How blunt is too blunt?

Untitled
Creative Commons License photo credit: morgan childers

A professor at NYU’s Stern School of Business, Scott Galloway, recently sent an email that has gone viral, due largely to its unique approach in response to a student’s particularly obnoxious behavior.  The student, who remains anonymous, had arrived an hour late to class and been denied admission, and later emailed the professor to explain that he was late because he had been “sampling” different classes, the last of which was Professor Galloway’s, and that it was within his rights to explore different options at the beginning of the semester.

Galloway’s response has caught attention because of his brutal honesty in addressing what he sees as the student’s overall functional weaknesses.   In short, he takes him down a few notches.  You can read the full exchange here, but I wanted to focus on a specific piece of Galloway’s final advice:

“Getting a good job, working long hours, keeping your skills relevant, navigating the politics of an organization, finding a live/work balance…these are all really hard, xxxx. In contrast, respecting institutions, having manners, demonstrating a level of humility…these are all (relatively) easy. Get the easy stuff right xxxx. In and of themselves they will not make you successful. However, not possessing them will hold you back and you will not achieve your potential which, by virtue of you being admitted  to Stern, you must have in spades. It’s not too late xxxx…”

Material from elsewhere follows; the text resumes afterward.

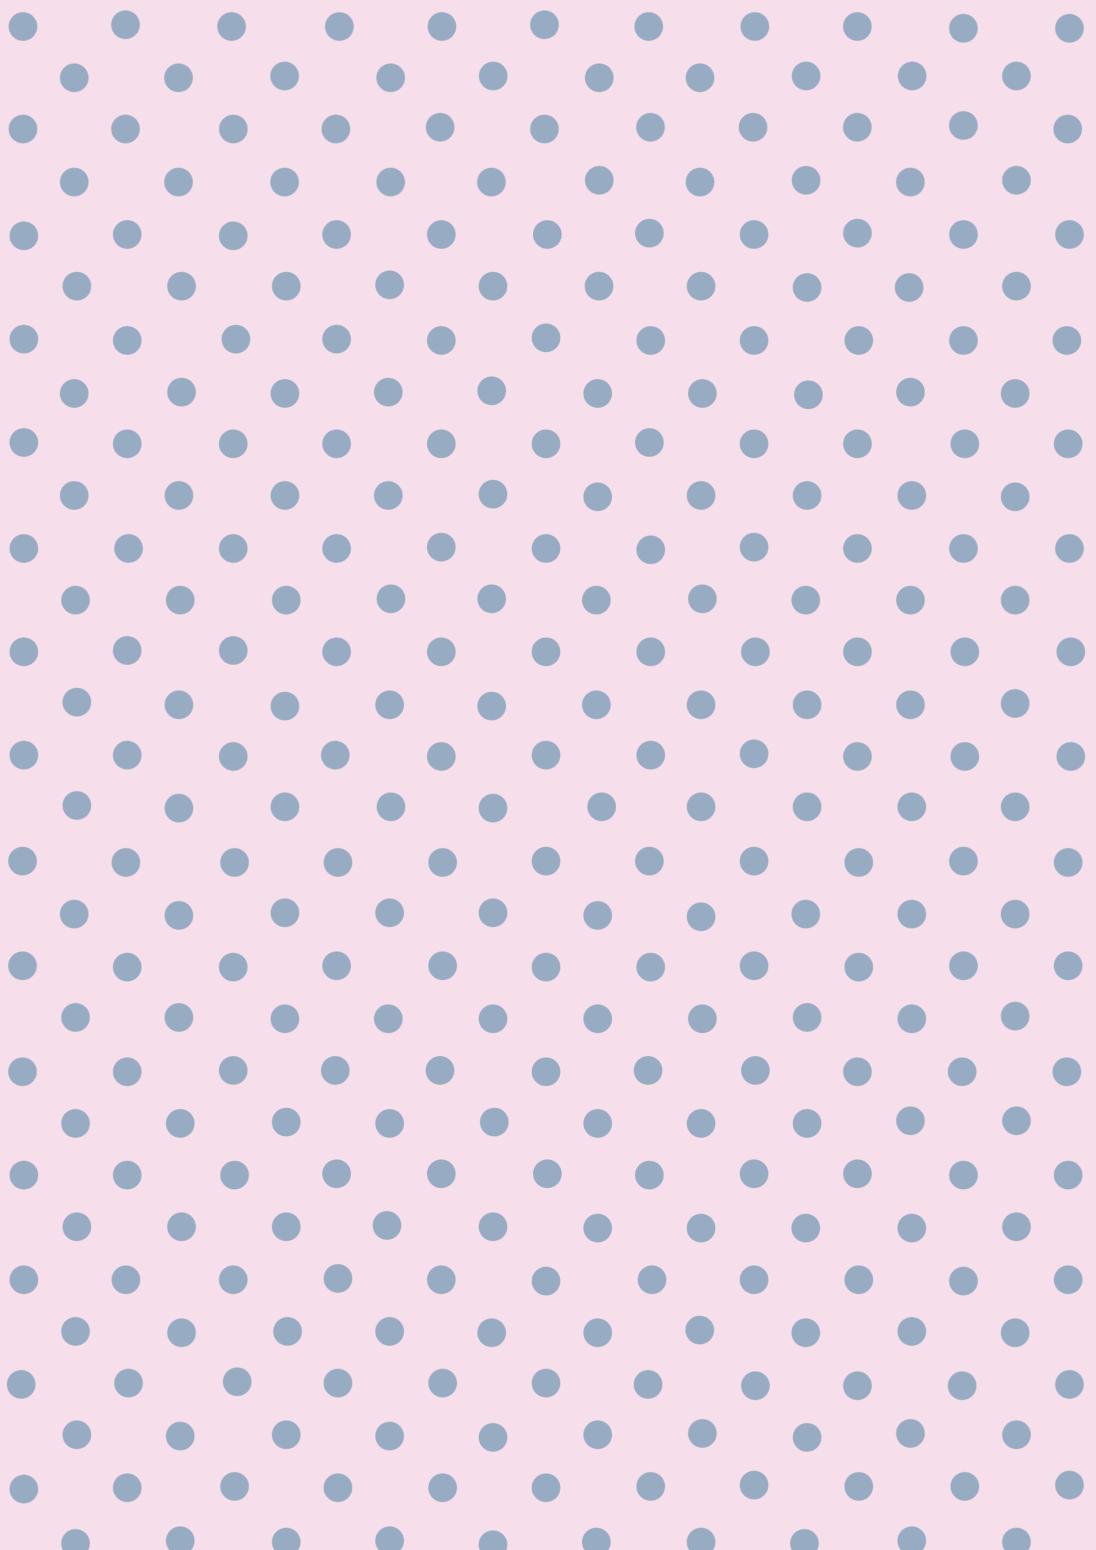 A4 Rose Bleu Sobres De Papel Papel Decorado Para Imprimir Imprimibles Scrapbook

Opinion on the web seems split, mainly centered on Galloway’s known personality quirks.  The entire controversy, though, provides an opportunity to think about the appropriate tone and level of “honesty” in student-teacher communications.  As an adjunct at Baruch for five years, I’ve certainly felt the occasional urge to respond to particularly ridiculous requests with a similar sense of disbelief.  Galloway’s message, however, takes the impulse a step further, directly and personally addressing what he perceives to be the student’s overall failures.  His main point seems to be that, by exhibiting such a lack of decorum, the student is effectively handicapping himself, making it impossible to succeed in college or the larger world.

I find Galloway’s response generally appropriate considering the student’s rather arrogant assumption that “sampling” courses (by walking in and out of several classes mid-lecture) was a reasonable behavior.  His most memorable advice (“get your shit together”), while perhaps obscene, communicates an underlying truth.  If the student wishes to succeed in the business world, his presumed career direction, he will have to drastically adjust the attitude and expectations reflected in his brief interaction with Professor Galloway.

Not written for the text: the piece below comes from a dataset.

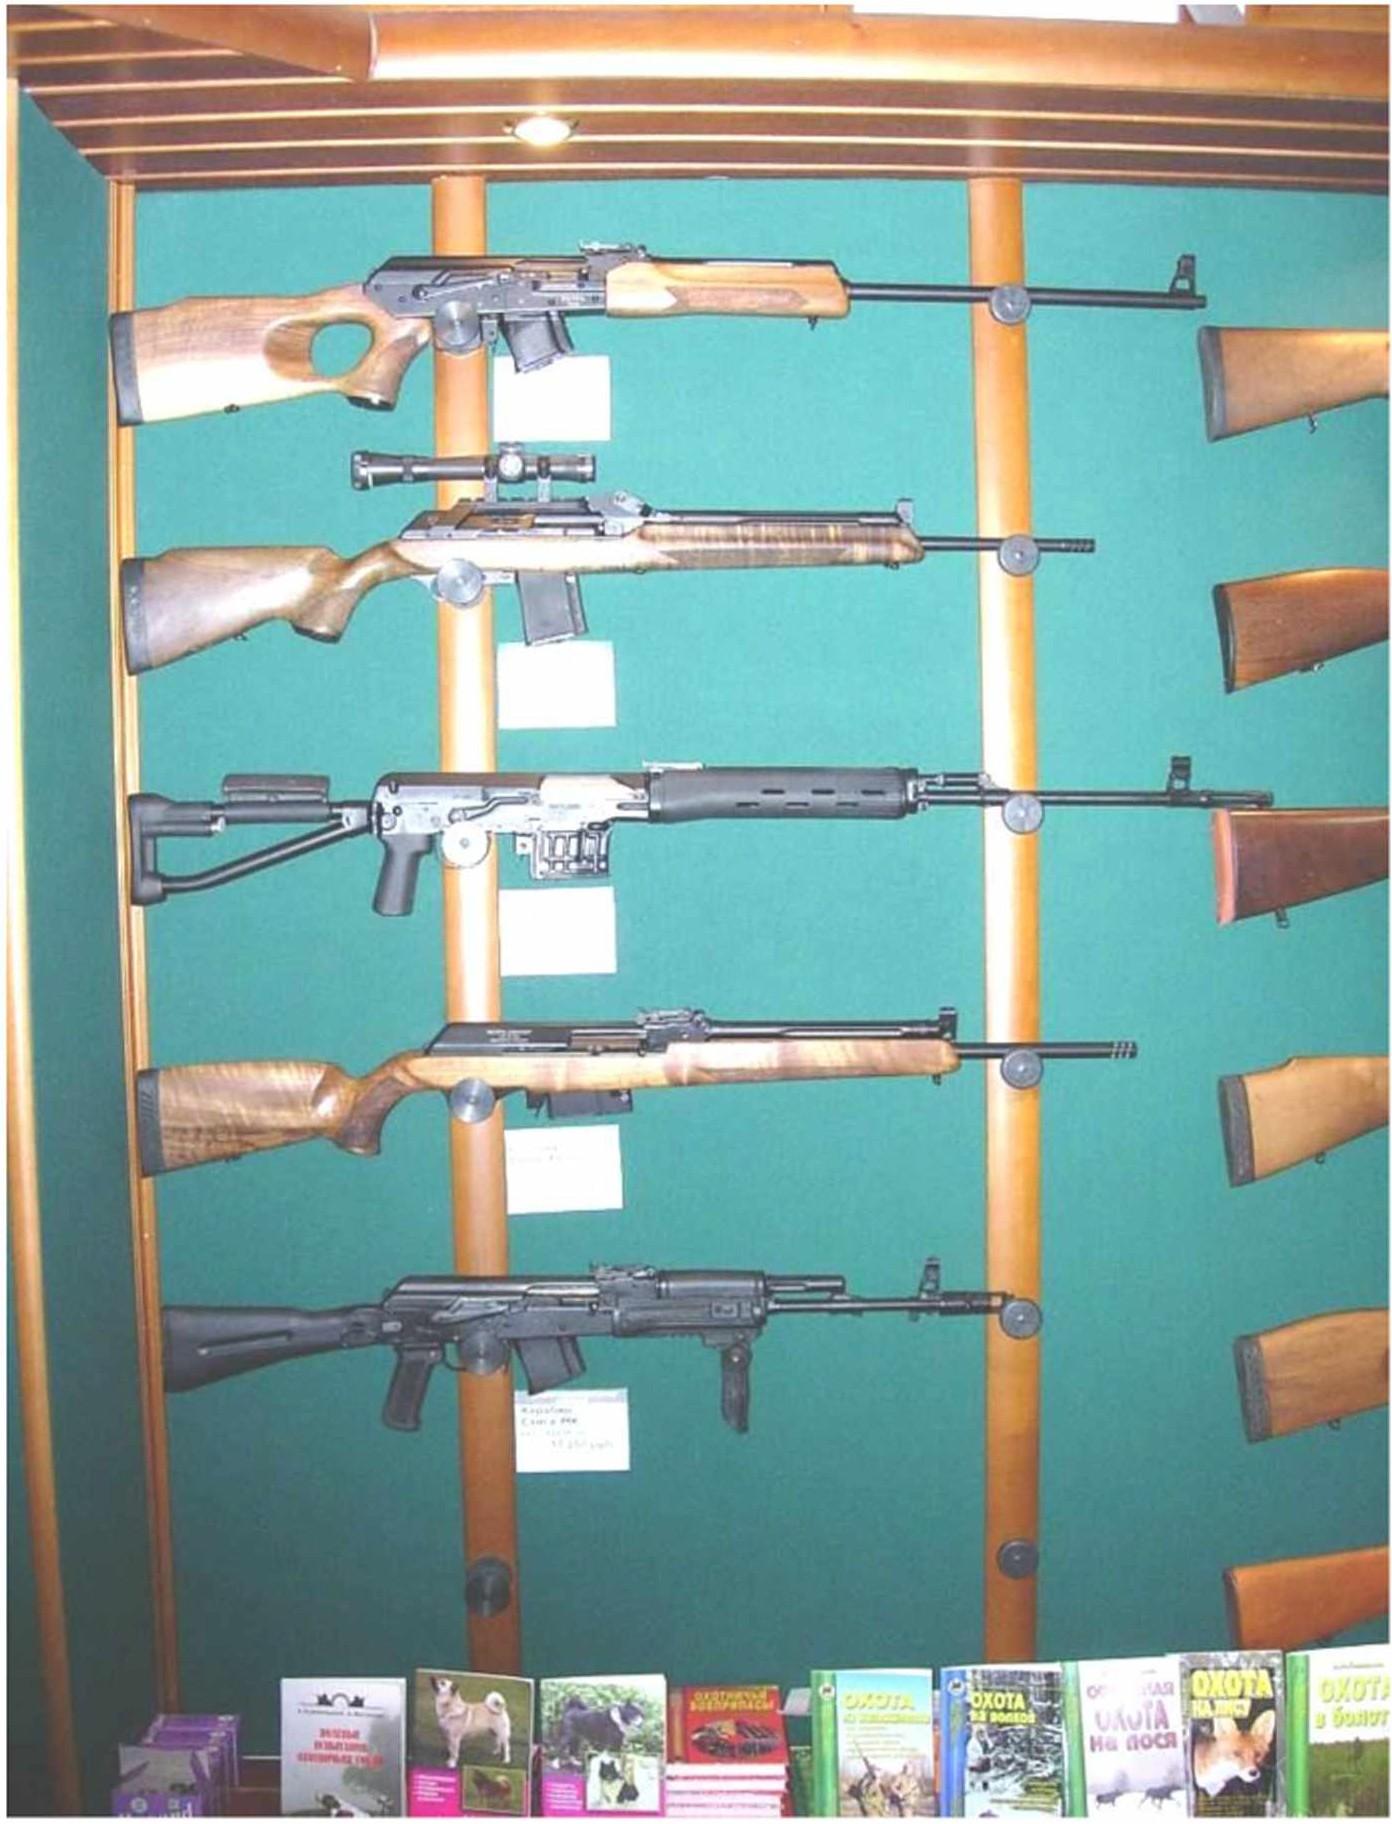 отечественное нарезное оружие, используемое для добывания охотничьих животных

On the other hand, is it right to draw larger conclusions about a student’s chances of future success from one embarrassing incident?  Further, is it even within a professor’s rights or responsibilities to dole out such “advice” at all?  How can we effectively steer our students toward more appropriate and “successful” behavior without being too harsh or judgmental?

Comments

  1. Rob Reale says:

    (I’m a “non-traditional” Baruch undergraduate student, I’m 40 and a senior.)

    This reminds me of my experience with NYC’s ivy league, and a story I tell tirelessly to my Baruch brethren so that they can know that it is the “CUNY all stars” who have the advantage when they show up for a job interview, and not the NYU or Columbia bumblers.

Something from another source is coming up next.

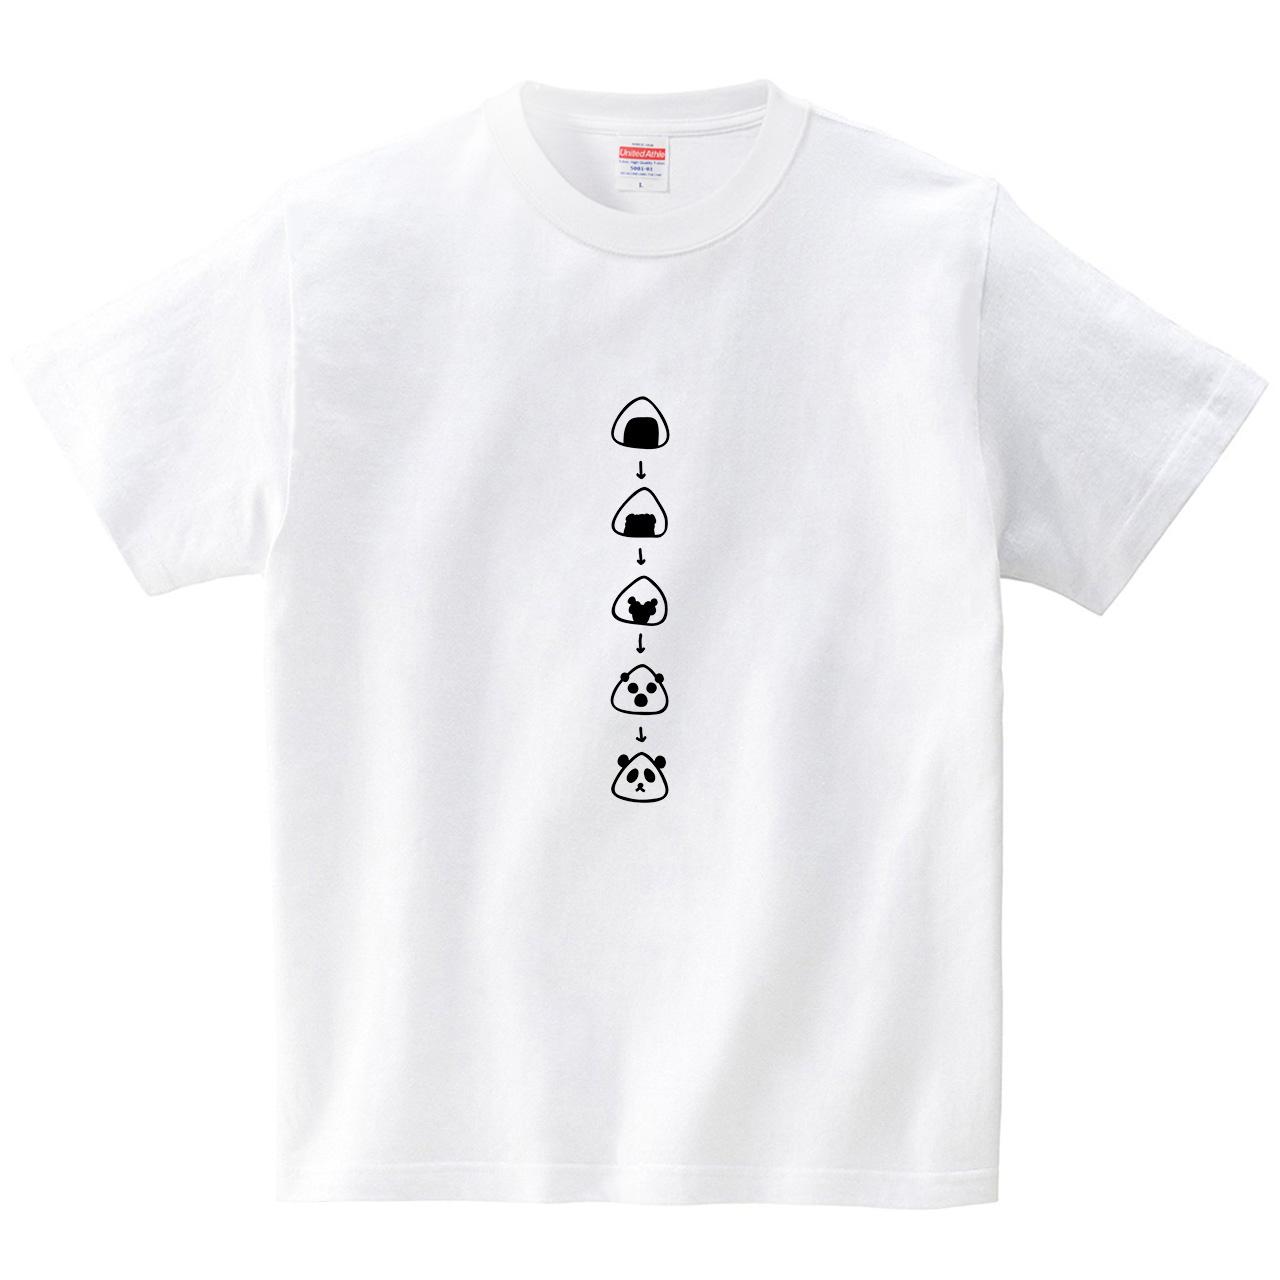 おにぎりからパンダ(Tシャツ・ホワイト)(オワリ)

    About 15 years ago I was interviewing for a computer technician job and placed ads with the career centers at NYU, Columbia, Hunter and Baruch. I spoke to about 15 people. 100% of the NYU and Columbia students spent an equal amount of time interviewing me and the company I represented and were openly “I don’t know if this job you haven’t offered me yet is good enough for my [non-existent] resume.” I offered the job to one NYU student who three days later turned it down simply because he wanted to look for another job at a better known company. The loser didn’t have another job, just wanted to look for a better job. Unbelievable. (We were paying $20/hr at the time and using up to date technology.)

    On the other hand, the students from Hunter & Baruch were all eager to get work experience and willing to work for any rate of pay, including free! I hired a guy from Hunter that summer who was the best employee I ever had. No joke.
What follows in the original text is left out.